The article then addresses the mechanisms for ESG activism and its potential impact. It draws on other work by Gilson and Gordon[4] arguing that hedge fund activists play a positive role in the capital markets as “activist arbitrageurs” who facilitate voting by the larger class of rationally apathetic institutional investors. However, I challenge their conclusion that no comparable mechanism exists to “arbitrage” the exercise of investor governance rights directed at long-term performance in the absence of hedge fund initiative.

Instead, I argue that ESG-oriented shareholder activists can and do facilitate the exercise of investor voting rights, in part through the use of shareholder proposals, which backstop direct engagement with portfolio firms. In fact, proxy access, say on pay, and other regulatory innovations got their start as weakly supported shareholder proposals. However, a focus on voted proposals and voting results often discounts the success of behind-the-scenes ESG engagement, causing commentators to further underestimate the link between ESG factors and firm value.[5] The lines between governance and social proposals have also blurred in a way that standard reports of proxy season trends fail to capture. While the impact of ESG activism may be less readily quantifiable than hedge fund activism, it is no less real.

A new study by NASDAQ OMX Advisory Services (available here) has recently hailed the power of a wide range of active owners to transform how companies think about value and ESG risks, calling it a “Silent Revolution”. The study finds that institutional investors committed to incorporating ESG criteria into investment decisions currently account for over 50 percent of all global assets under management, and their presence is critical to the success of new investor and asset manager stewardship codes already enacted by several countries, including the U.K.[6] and, most recently, Japan.[7]

Ultimately, the validity of the risk hypothesis depends on the influence active, ESG-oriented owners have in the market. Recognizing that institutional investors have increasing market power to drive ESG integration by fund managers and investment professionals, the paper concludes by suggesting steps boards, regulators, and investors themselves can take to better align shareholder activism in its many forms with other external and internal drivers of long-term risk management and oversight.

 

[1] Lynne L. Dallas, Short-Termism, The Financial Crisis & Corporate Governance, 37 J. Corp. L. 265 (2012); William W. Bratton & Michael L. Wachter, The Case Against Shareholder Empowerment, 158 U. Pa. L. Rev. 653, 716-23 (2010).
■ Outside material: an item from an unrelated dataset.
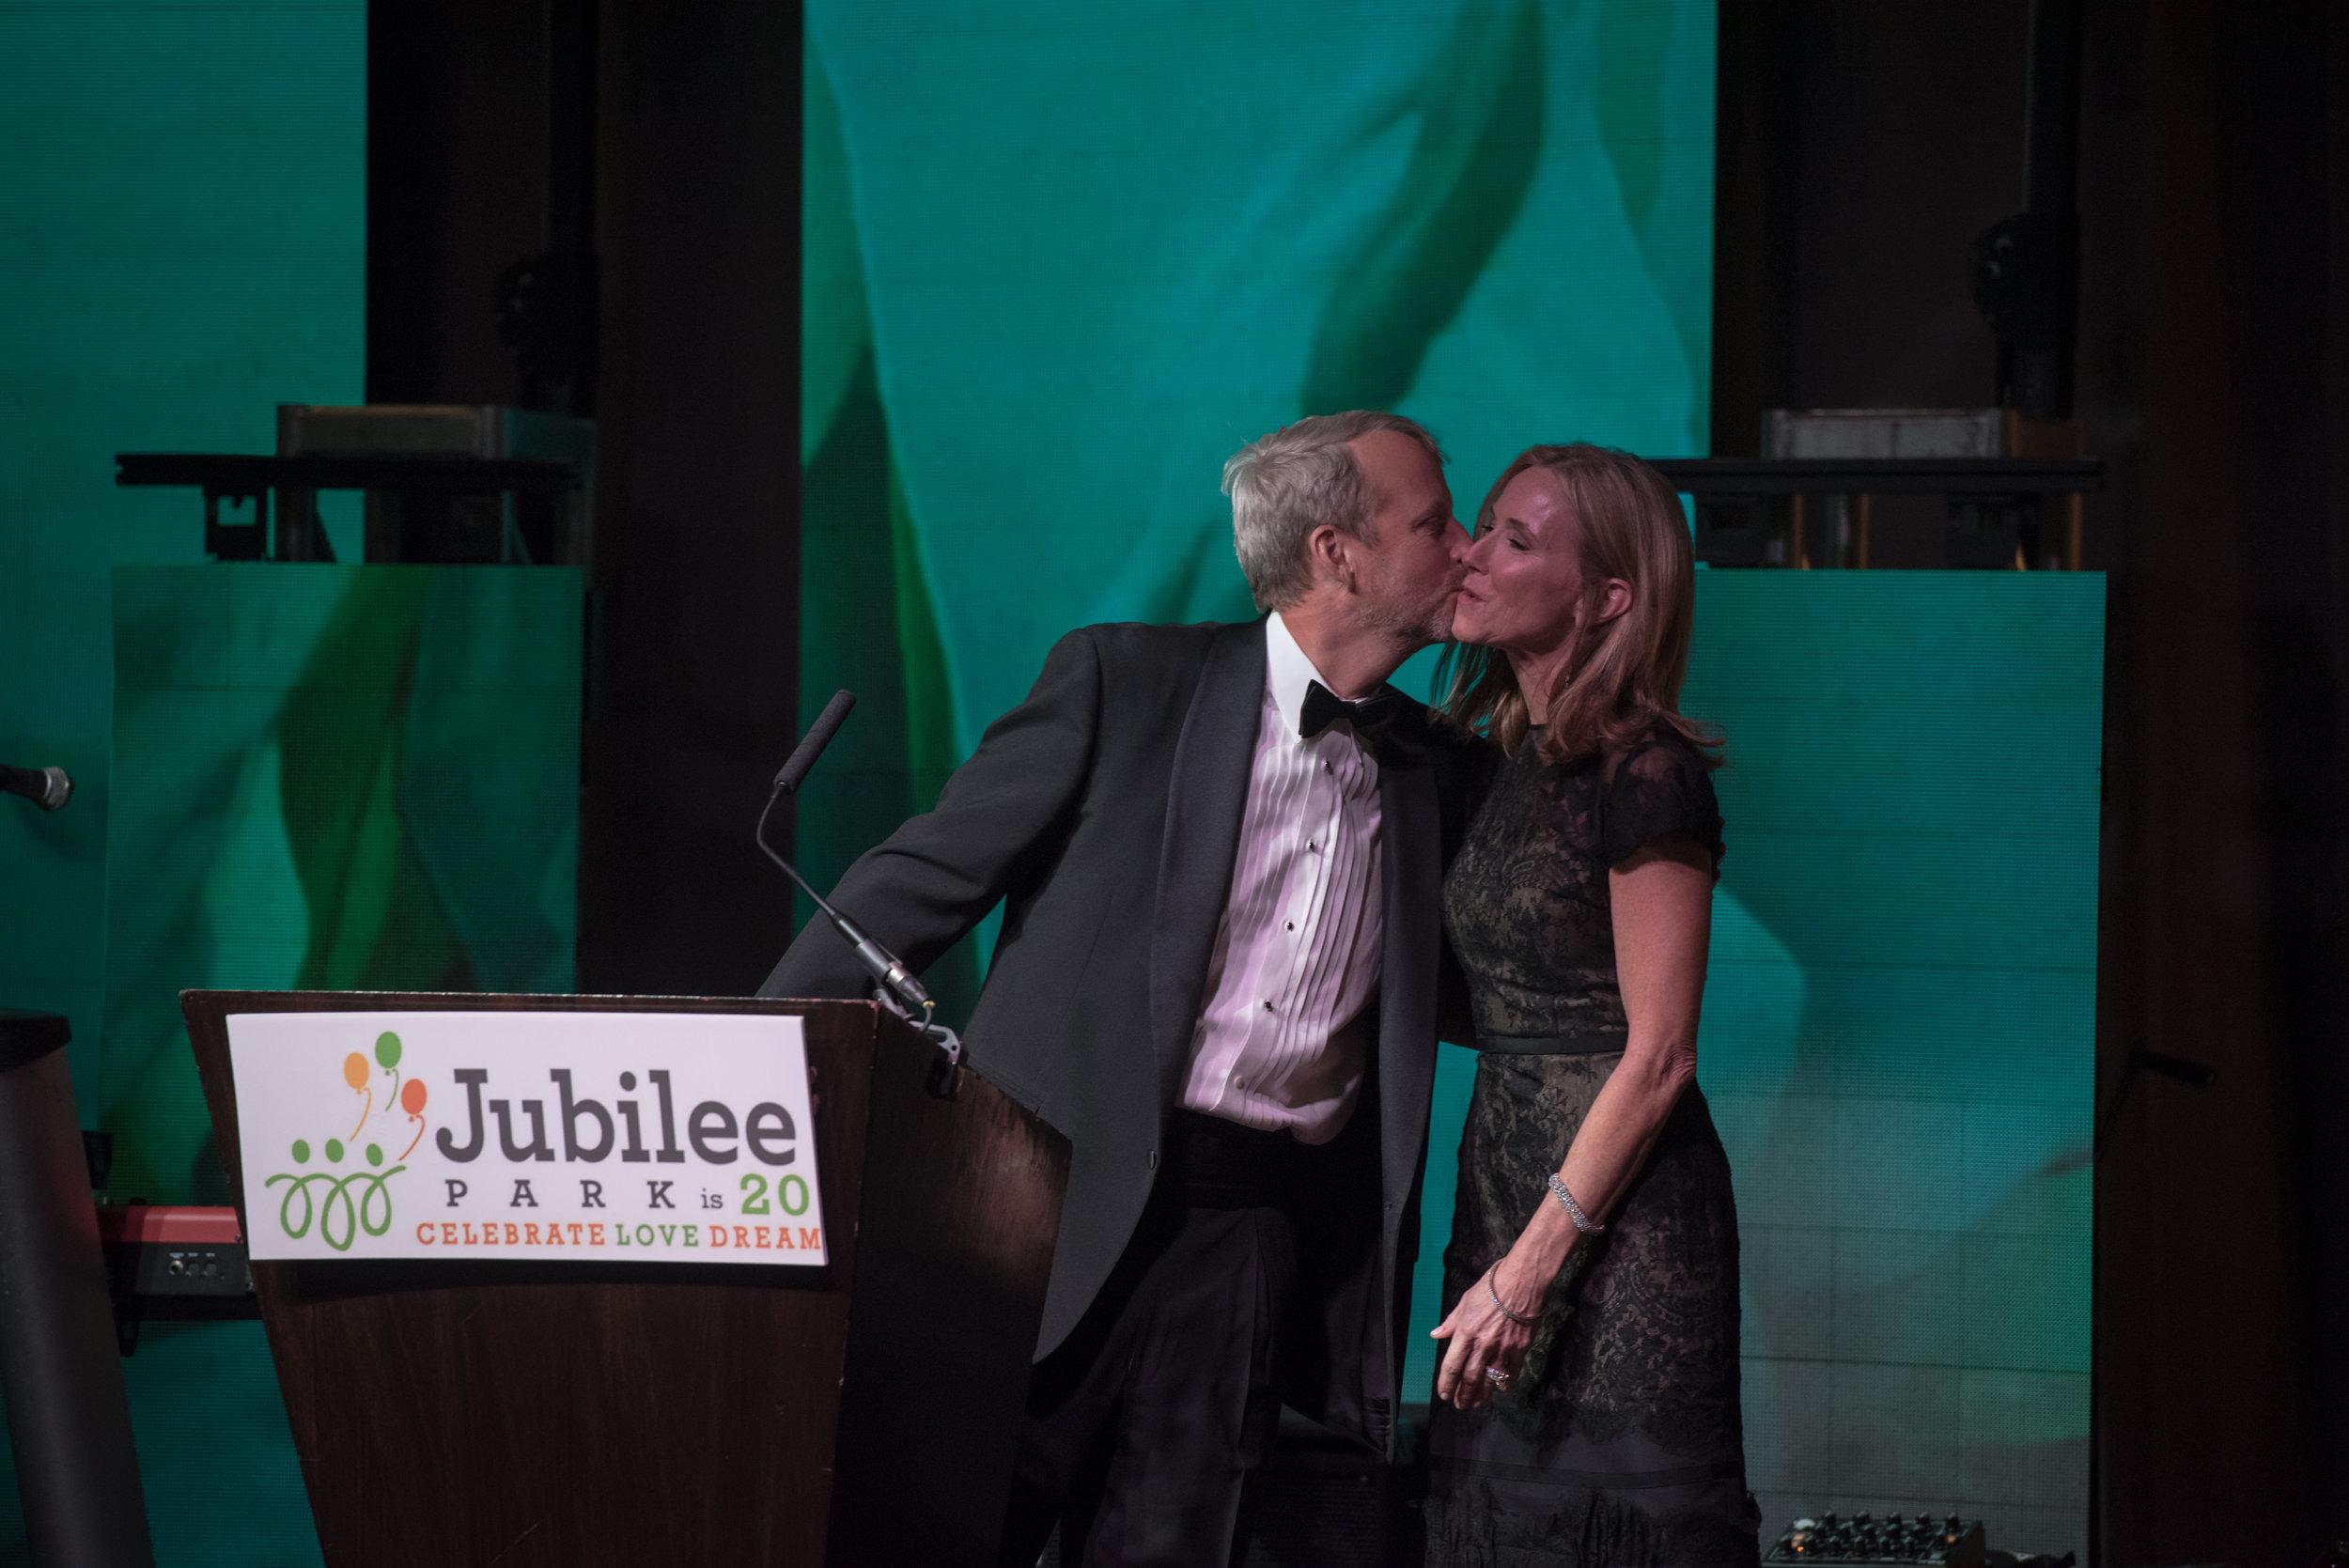 Jubilee_0321.jpg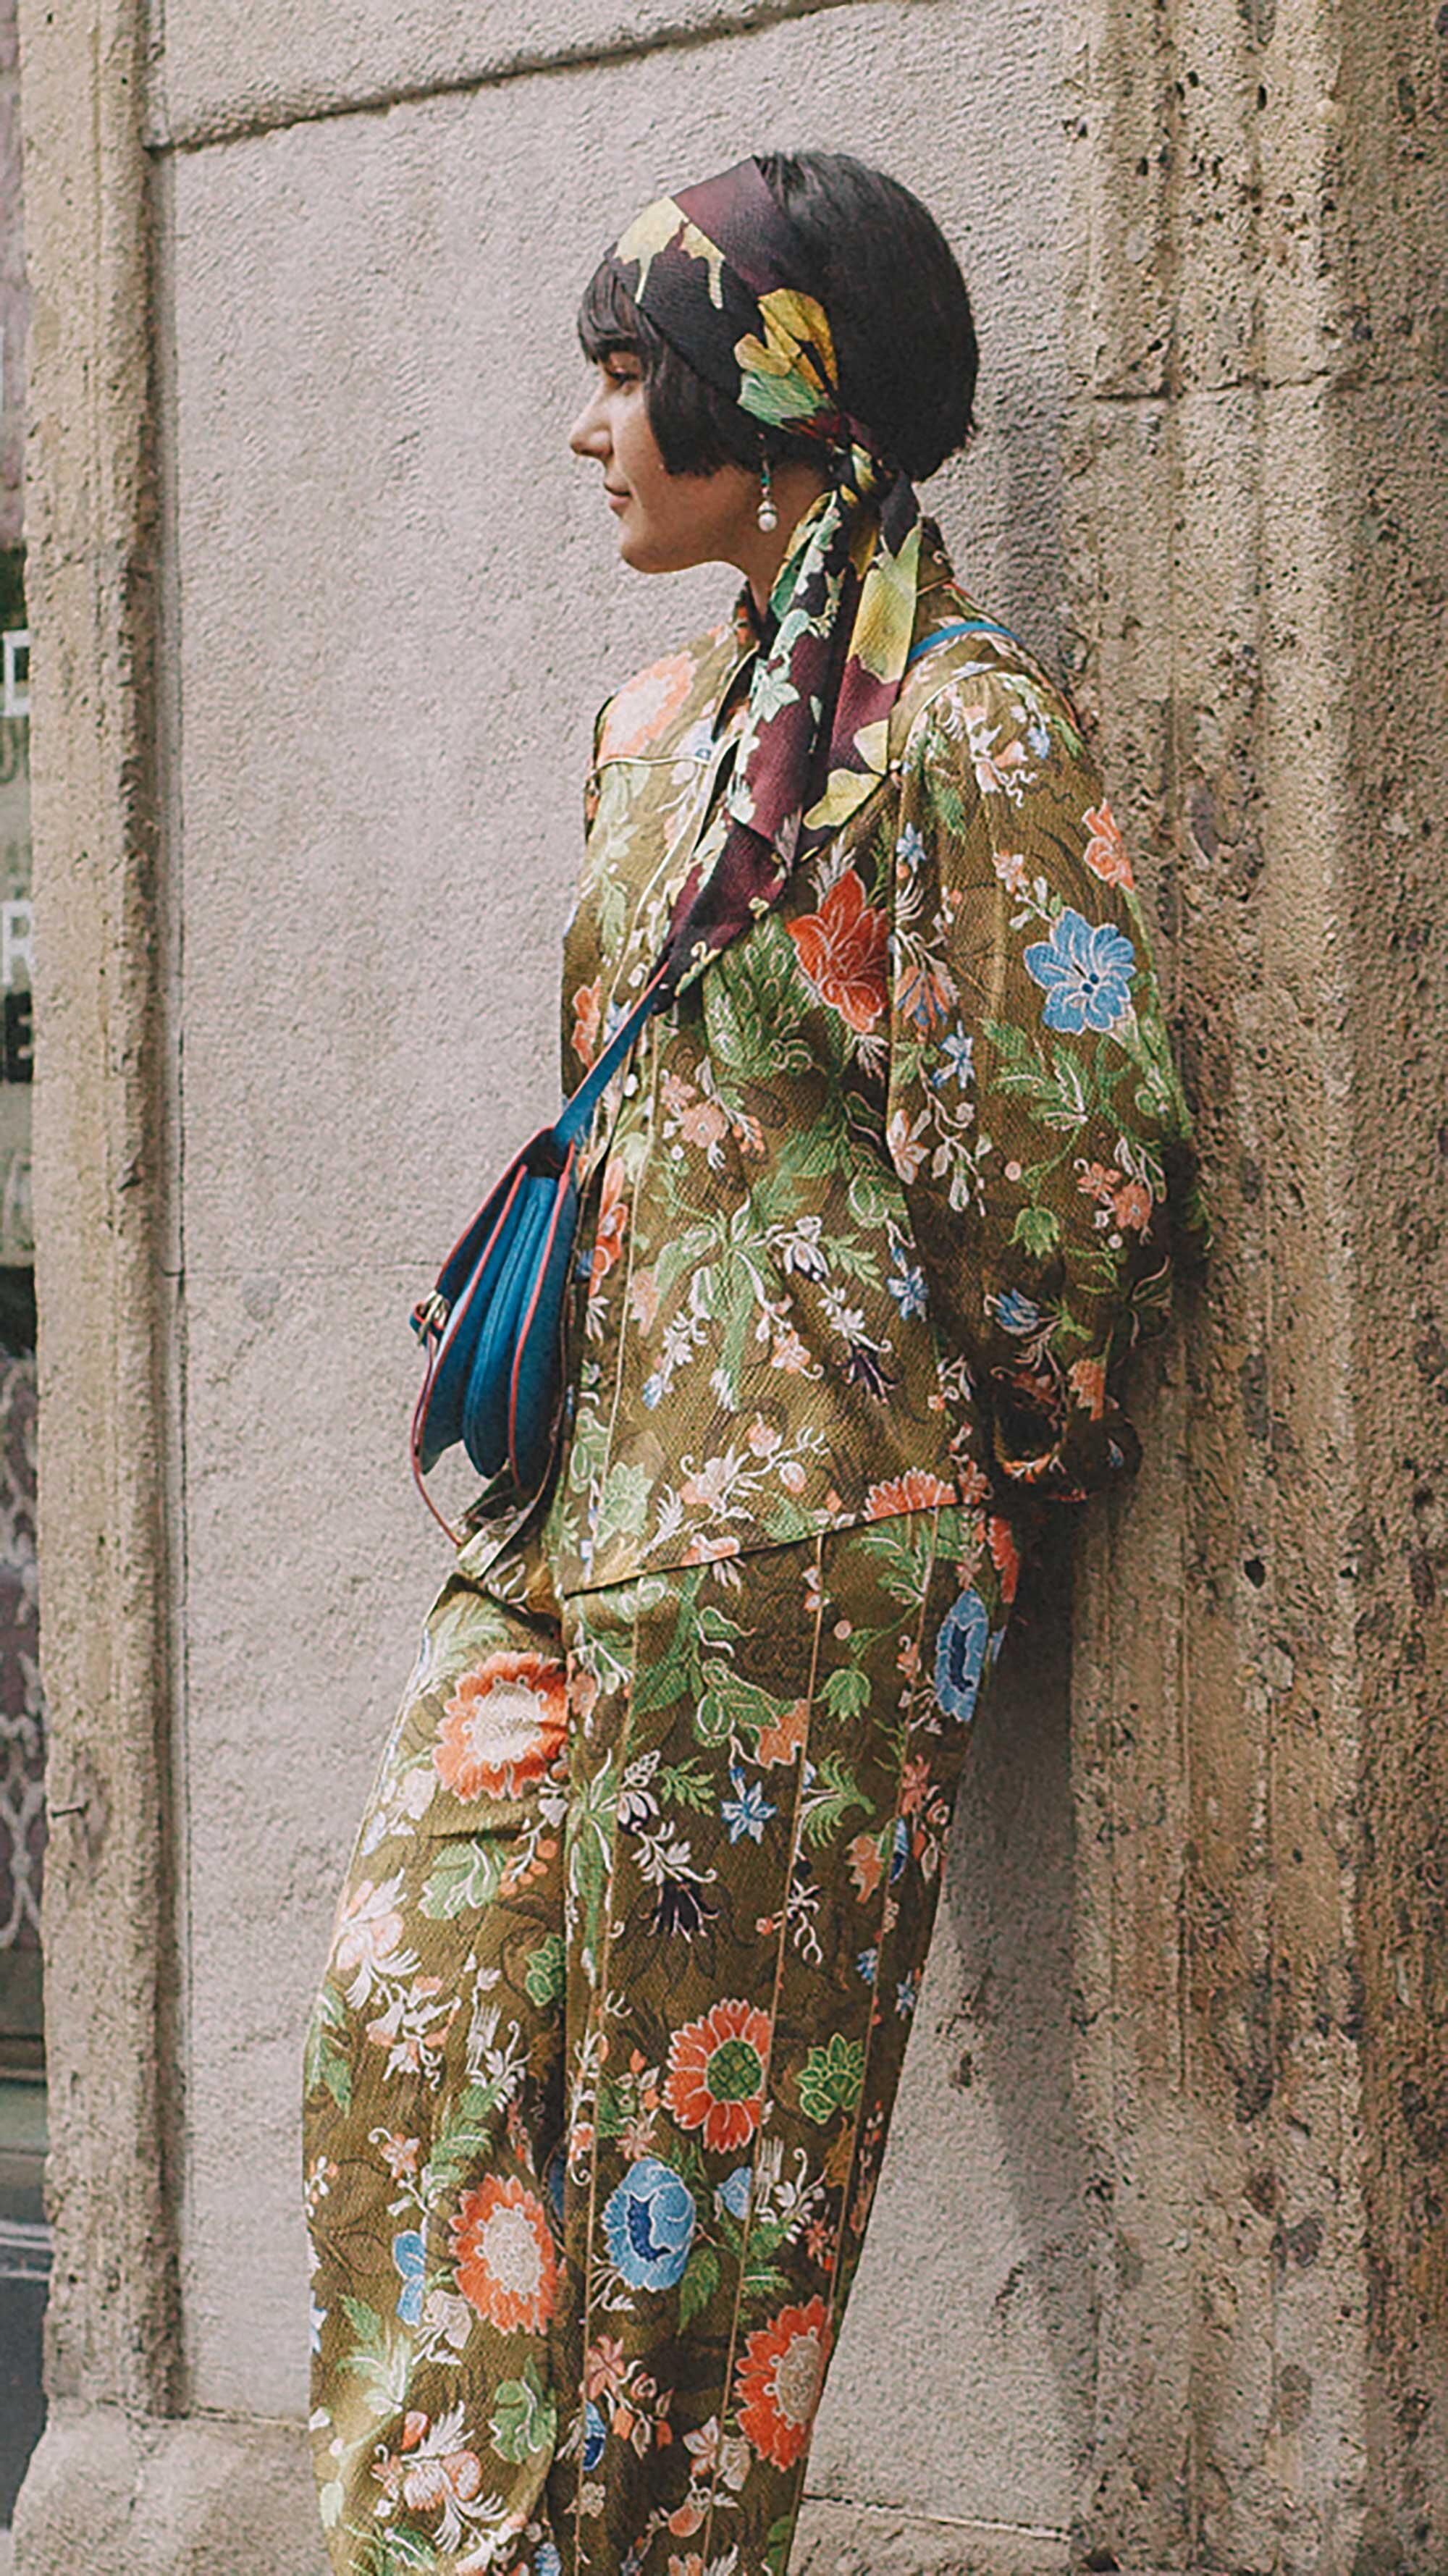 Best outfits of Milan Fashion Week street style 2019 Day One MFW SS20 Photo by @J2martinez Jose J. Martinez www.jmrtnz.com -1.jpg

[2] Ronald J. Gilson & Jeffrey N. Gordon, The Agency Costs of Agency Capitalism: Activist Investors and the Revaluation of Governance Rights, 113 Colum. L. Rev. 863 (2013).

[3] Ronald J. Gilson & Jeffrey N. Gordon, Agency Capitalism: Further Implications of Equity Intermediation (February 1, 2014). European Corporate Governance Institute (ECGI) – Law Working Paper No. 239/2014; Stanford Law and Economics Olin Working Paper No. 456; Columbia Law and Economics Working Paper No. 461. Available at SSRN: http://ssrn.com/abstract=2359690.

[4] Gilson & Gordon, supra note 2.

[5] See, e.g. James R. Copland, Special Report: Shareholder Activism by Socially Responsible Investors, Proxy Monitor 2014 (“in contrast to . . . corporate governance, [socially responsible] shareholder proposals . . . have only an attenuated connection, if any, to the company’s financial interests”).